Retype the data below verbatim; pictures do not belong in the copy.

##### Dataset extract

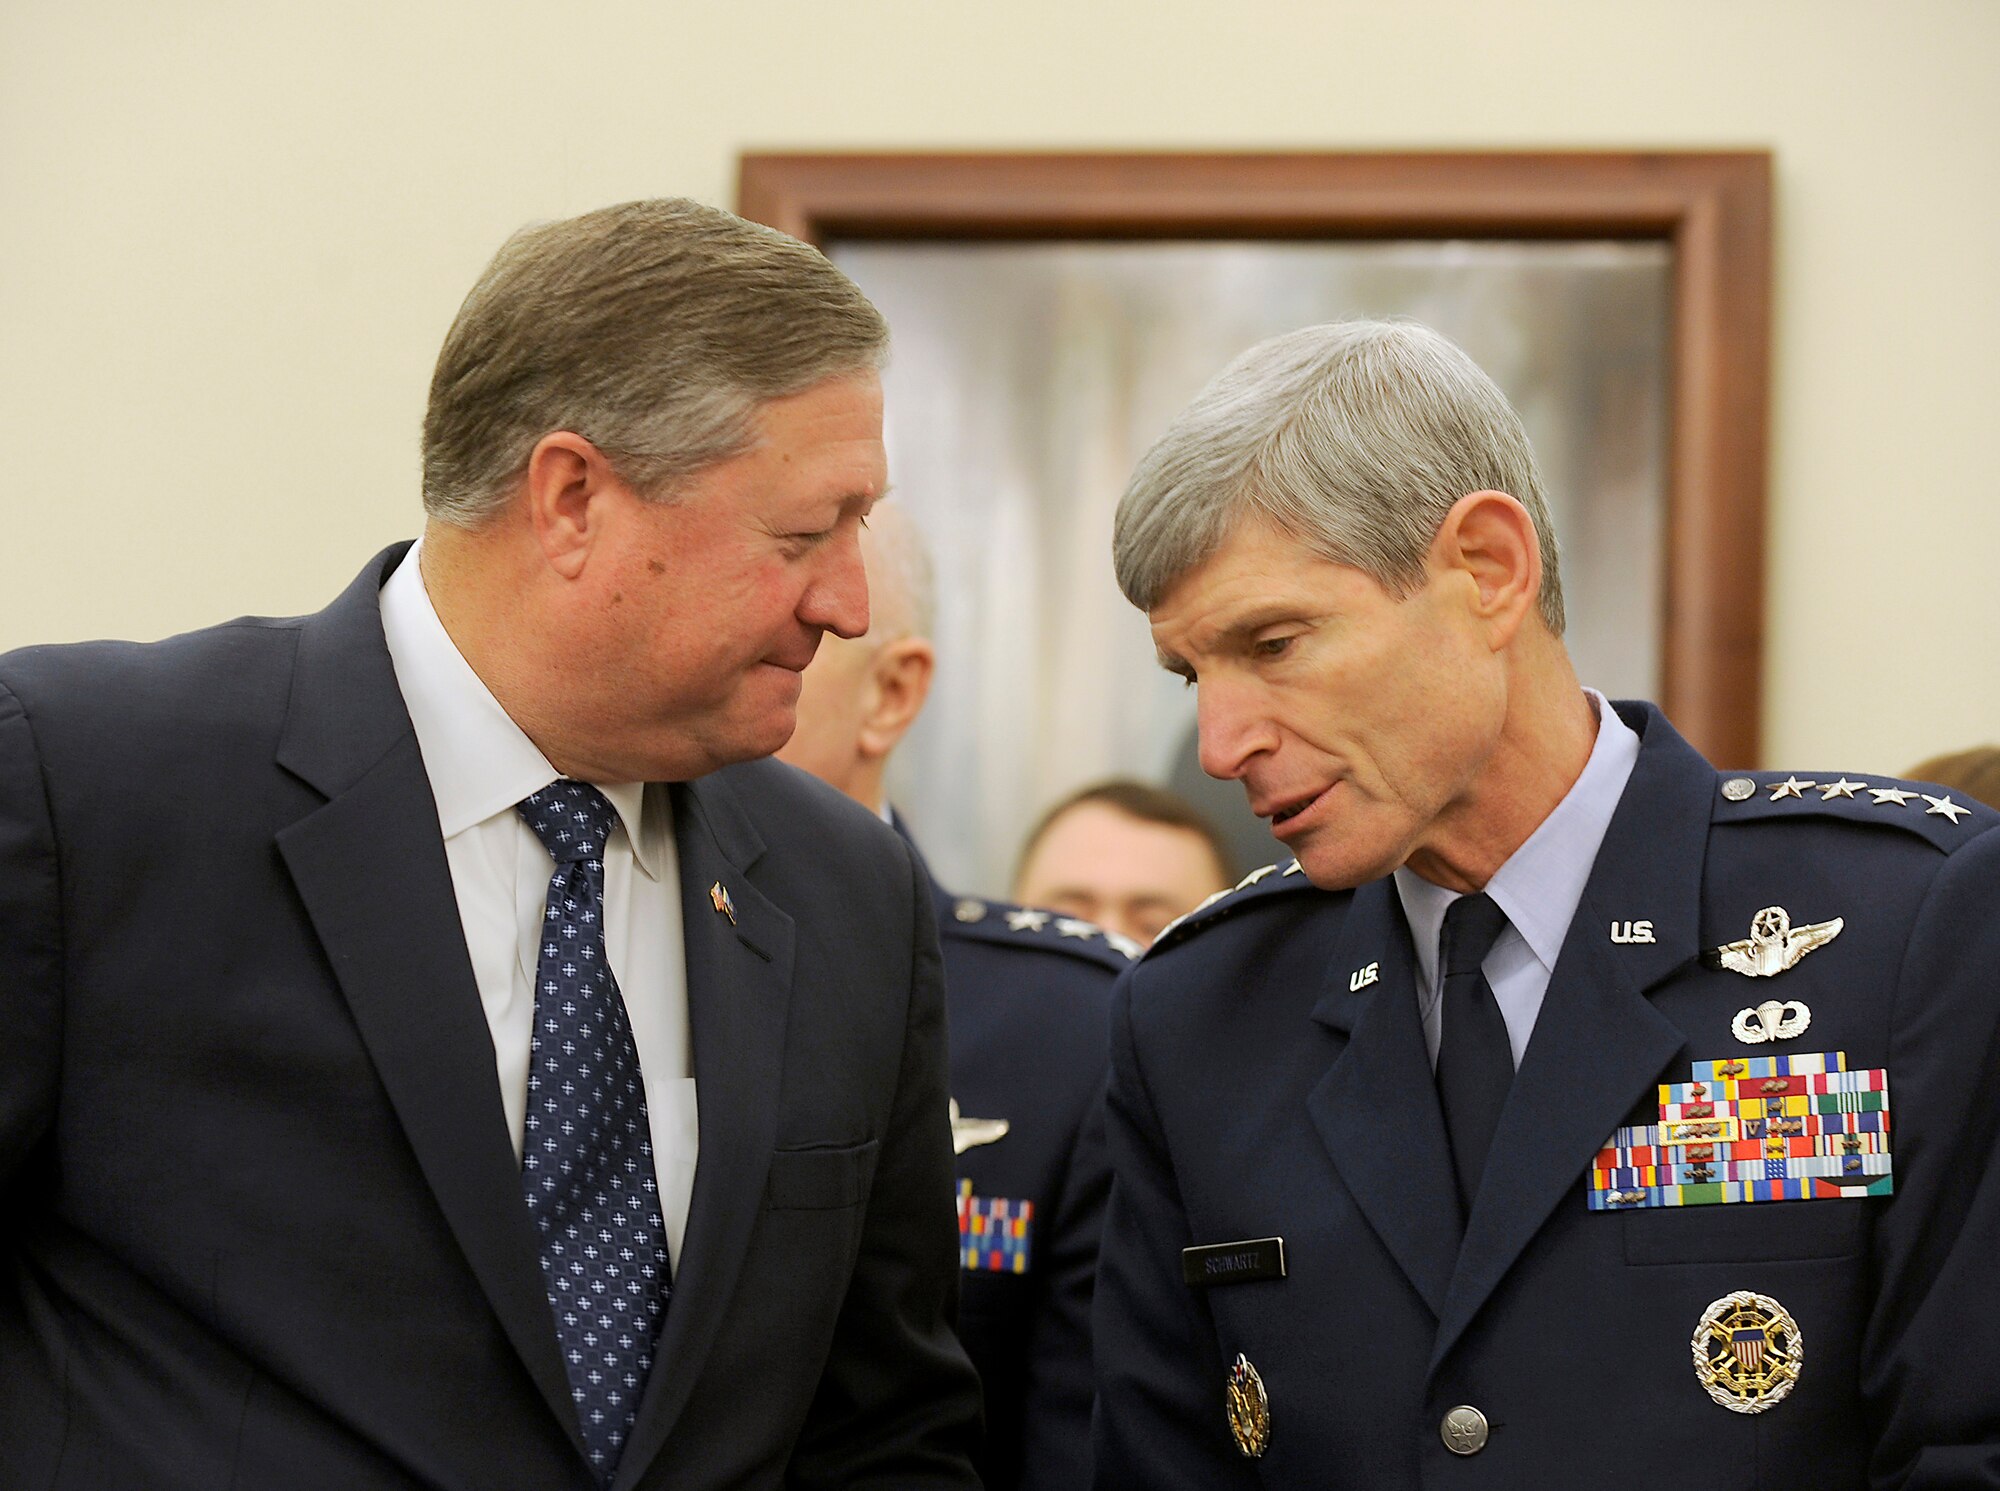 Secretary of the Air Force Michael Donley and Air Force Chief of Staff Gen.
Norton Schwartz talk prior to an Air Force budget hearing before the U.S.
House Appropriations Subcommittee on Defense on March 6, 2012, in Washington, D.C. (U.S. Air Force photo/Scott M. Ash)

##########

Solution for this exercise>
 Secretary of the Air Force Michael Donley and Air Force Chief of Staff Gen.
Norton Schwartz talk prior to an Air Force budget hearing before the U.S.
House Appropriations Subcommittee on Defense on March 6, 2012, in Washington, D.C. (U.S. Air Force photo/Scott M. Ash)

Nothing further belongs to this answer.